Rafael Barifouse - Da BBC News Brasil em São Paulo
qua., 31 de março de 2021
Bolsonaro erra ao cobrar fidelidade política das Forças
Armadas, diz pesquisador
Os pedidos de demissão do agora ex-ministro da Defesa general Fernando
Azevedo e dos três comandantes das Forças Armadas escancaram uma crise inédita
no país, mas que "estava fadada a ocorrer", diz o historiador Carlos
Fico.
"Nunca houve o afastamento de três comandantes militares ao mesmo
tempo na história da República. É grave", avalia o pesquisador e professor
da Universidade Federal do Rio de Janeiro (UFRJ).
·
A crise nas Forças Armadas foi detonada às vésperas do aniversário do
golpe militar de 1964, nesta quarta-feira (31/3). No entanto, Fico não acredita
na possibilidade de ocorrer uma nova ruptura da ordem institucional.
"Não sei se é excesso de otimismo, mas pelo que vejo do Congresso,
do Supremo Tribunal Federal e da sociedade em geral percebemos que o apoio a
Bolsonaro é barulhento, mas a maioria não o apoia e reagiria."
Autor de diversos livros, entre eles O golpe de 1964: momentos decisivos e História do Brasil Contemporâneo: da Morte de Vargas aos Dias Atuais, Fico diz que as Forças Armadas entraram em uma relação
"promíscua" com o governo do presidente Jair Bolsonaro (sem partido)
e que isso inevitavelmente levou à crise atual.
"Falo promiscuidade porque houve um envolvimento indevido com o
governo, com uma enxurrada de militares, uma presença excessiva e
desproporcional. A crise estava contratada desde então", diz ele.
'Apoiar Bolsonaro foi um risco para as Forças Armadas'
Militares têm uma presença excessiva no governo,
afirma Fico
O pesquisador aponta que, de um lado, o presidente se julgou no direito
de cobrar lealdade política do ministro da Defesa e das Forças Armadas.
"Isso não convém, não compete a ele, e é totalmente inadequado e
inconstitucional para as Forças Armadas, sendo um órgão de Estado",
afirma.
Ao mesmo tempo, as Forças Armadas acreditaram que poderiam controlar os
ímpetos e arroubos de Bolsonaro.
"Os militares foram ingênuos. Pretendiam tutelar o governo e até
foram decisivos no começo, mas depois não conseguiram evitar as posições
extremistas ou absurdas do presidente quanto à pandemia ou nas questões
ideológicas e de costumes. Foi uma ilusão", diz Fico.
A pasta da Defesa foi criada em 1999 e era tradicionalmente chefiada por
ministros civis. Desde o governo Michel Temer (2016-2018), porém, passou a ser
comandada por um militar.
O agora ex-ministro da Defesa fez questão de ressaltar no comunicado
divulgado na segunda-feira (29/3) sobre sua saída do governo que
"preservou as Forças Armadas como instituições de Estado".

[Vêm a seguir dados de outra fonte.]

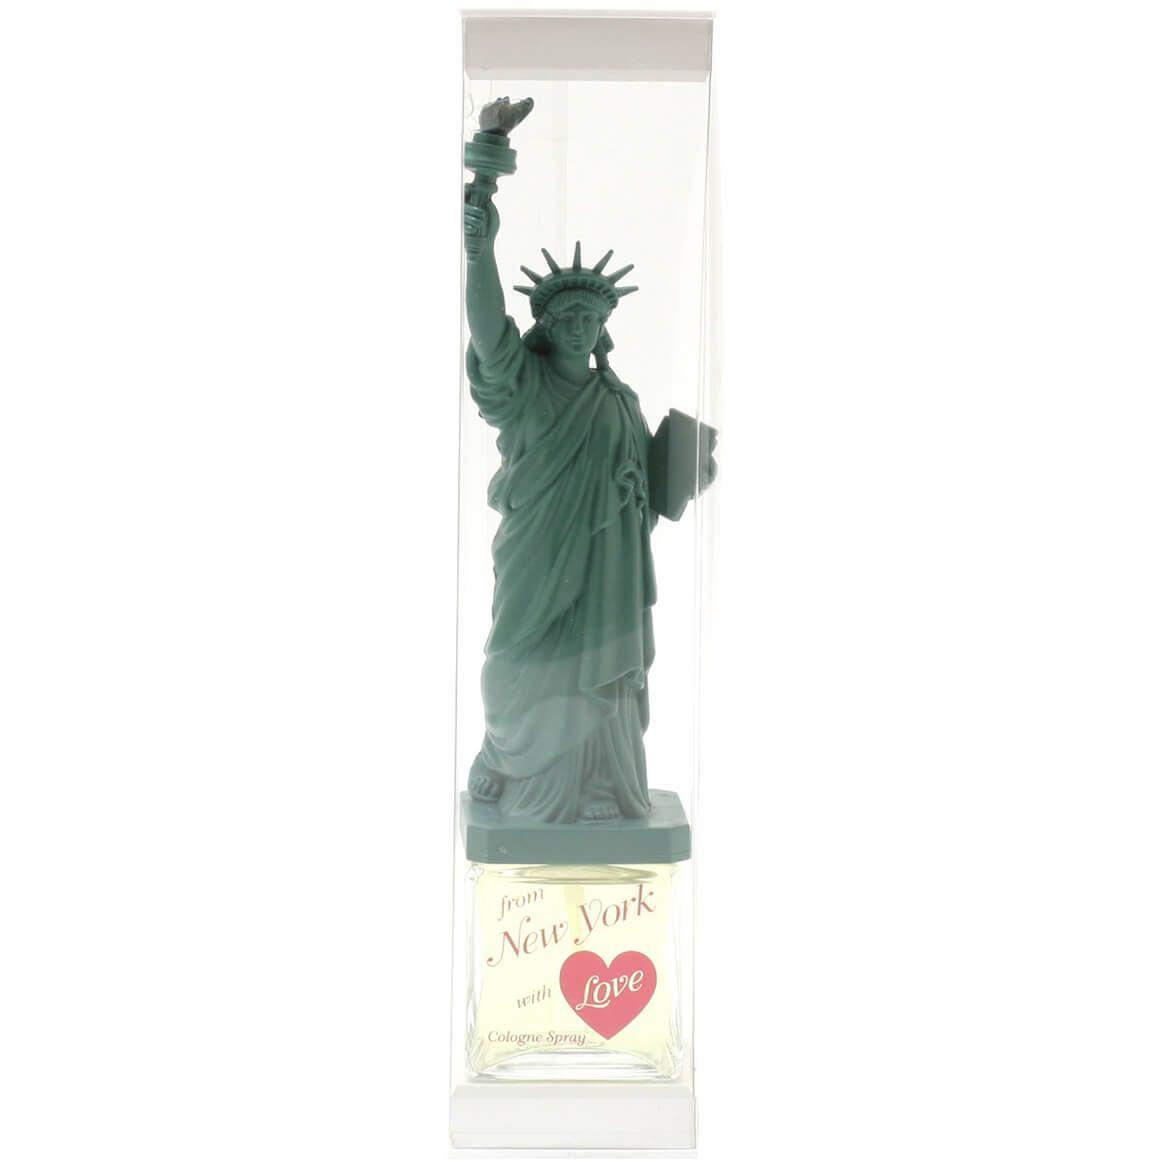 Statue of Liberty Ladies, Cologne Spray 1.7oz-360275

Depois, nesta terça, os três comandantes das Forças Armadas deixaram os
cargos: Edson Pujol, comandante do Exército, Ilques Barbosa, da Marinha, e
Antônio Carlos Moretti Bermudez, da Aeronáutica.
A saída dos comandantes é vista como um ato de protesto pela demissão
sumária de Azevedo.
"Bolsonaro é autoritário, de viés golpista e extremamente
incompetente. Apostar suas fichas como um cidadão ou como um político neste
governo já seria um risco tremendo, imagina para as Forças Armadas…", diz
Fico
'Não consigo imaginar um golpe'
Azevedo disse que trabalhou para manter as Forças Armadas como órgão de Estado
Atualmente, Bolsonaro tem militares no comando de seis ministérios, mas
esse número já foi maior, sem contar os militares que ocupam outros cargos.
O professor da UFRJ diz que era previsível que essa grande participação
militar no governo levaria a um desgaste das Forças Armadas. "Eles
cometeram um erro tremendo", diz Fico.
Mesmo agora com um nome mais alinhado a Bolsonaro à frente Defesa, como
é o caso do general Walter Braga Netto, e caso o mesmo venha a ocorrer na
liderança das Forças Armadas, o pesquisador diz que "não consegue imaginar
um golpe".
"(Os militares) já estão no poder. Seja qual for o general que
ocupe o comando do Exército - que é o que importa -, não acho que pretenda se
aventurar", diz Fico.
"Pode haver algum tipo de acomodação das Forças Armadas, para
mostrar que elas estão unidas em torno do chefe, mas não creito que haja
possibilidade de uma ruptura institucional."